Sun, December 16, 10:00 to 11:30am, Seaport Hotel & World Trade Center, Harborview 1 Ballroom

Abstract

During the 1940s and 50s in Cairo, the Arabic-language Karaite newspaper al-Kalīm revealed a Karaite community deeply divided over the question of marriage. Published by a reform-minded youth group, the Young Men’s Karaite Israelite Association (Jamʿiyyat al-Shubbān al-Isrāʾīliyyīn al-Qarrāʾīn), al-Kalīm serves as an important barometer for understanding changing discourses about gender relations amongst Karaite Jews in mid-century Egypt. In the pages of al-Kalīm, debates about marriage centred around the dowry (dōṭa) system in particular. As I argue in this paper, Young Karaite Jews used these debates to establish new modes of interaction between the genders, debate changing ideals of wifehood and masculinity, and set out their vision for their community’s future—much as like-minded non-Jewish Egyptian commentators had done in preceding decades. As Hanan Kholoussy has shown, discourses about marriage, divorce, and bachelorhood had served as a prime forum for Egyptians to express anxieties over the well-being of the nation amidst the upheavals of the first three decades of the twentieth century (For Better, For Worse, 2010). In the Karaite case, I argue that the concern over marriage reflected anxieties specific to their community, whose position within Egyptian society was by this time becoming increasingly precarious. Nevertheless, the vocabulary used to articulate these anxieties also reveals that Karaites consumed and adapted nation-wide discourses regarding cultural and social change.
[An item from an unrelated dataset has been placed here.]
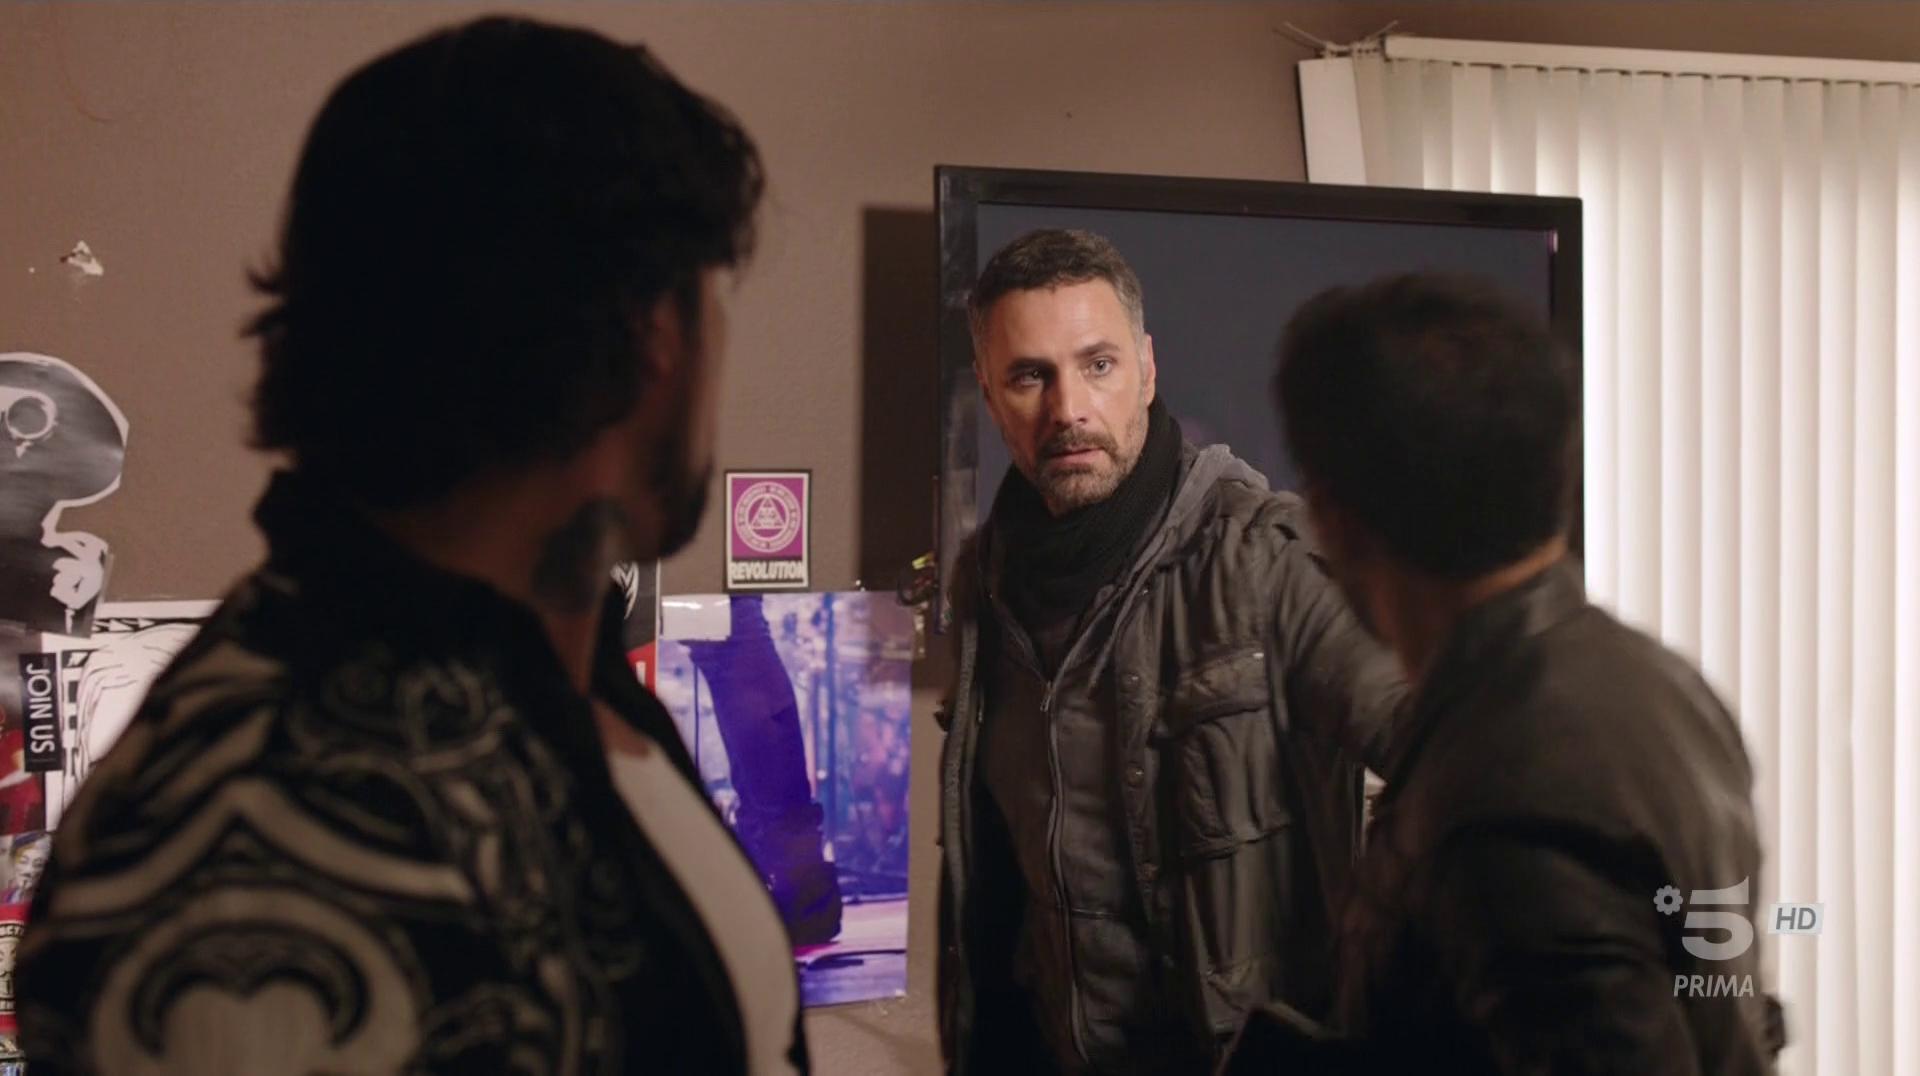 Ultimo - Caccia ai Narcos - MiniSerie (2018) (Completa) HDTV 1080P ITA AC3 x264 mkv Vlcsnap-2018-12-21-15phi04

Moreover, it reveals that Karaite youth continued to envision a future in Egypt for their community—provided it was willing to reform outdated marriage practices and embrace new modes of sociability between the genders—despite the worsening circumstances. This study of discourses surrounding marriage and gender not only contributes to our historical knowledge of Jewish social life in Egypt, but offers a corrective to top-down frameworks which begin by questioning the national, political, and cultural affiliations of Middle Eastern Jews rather than by attending closely to contemporary sources.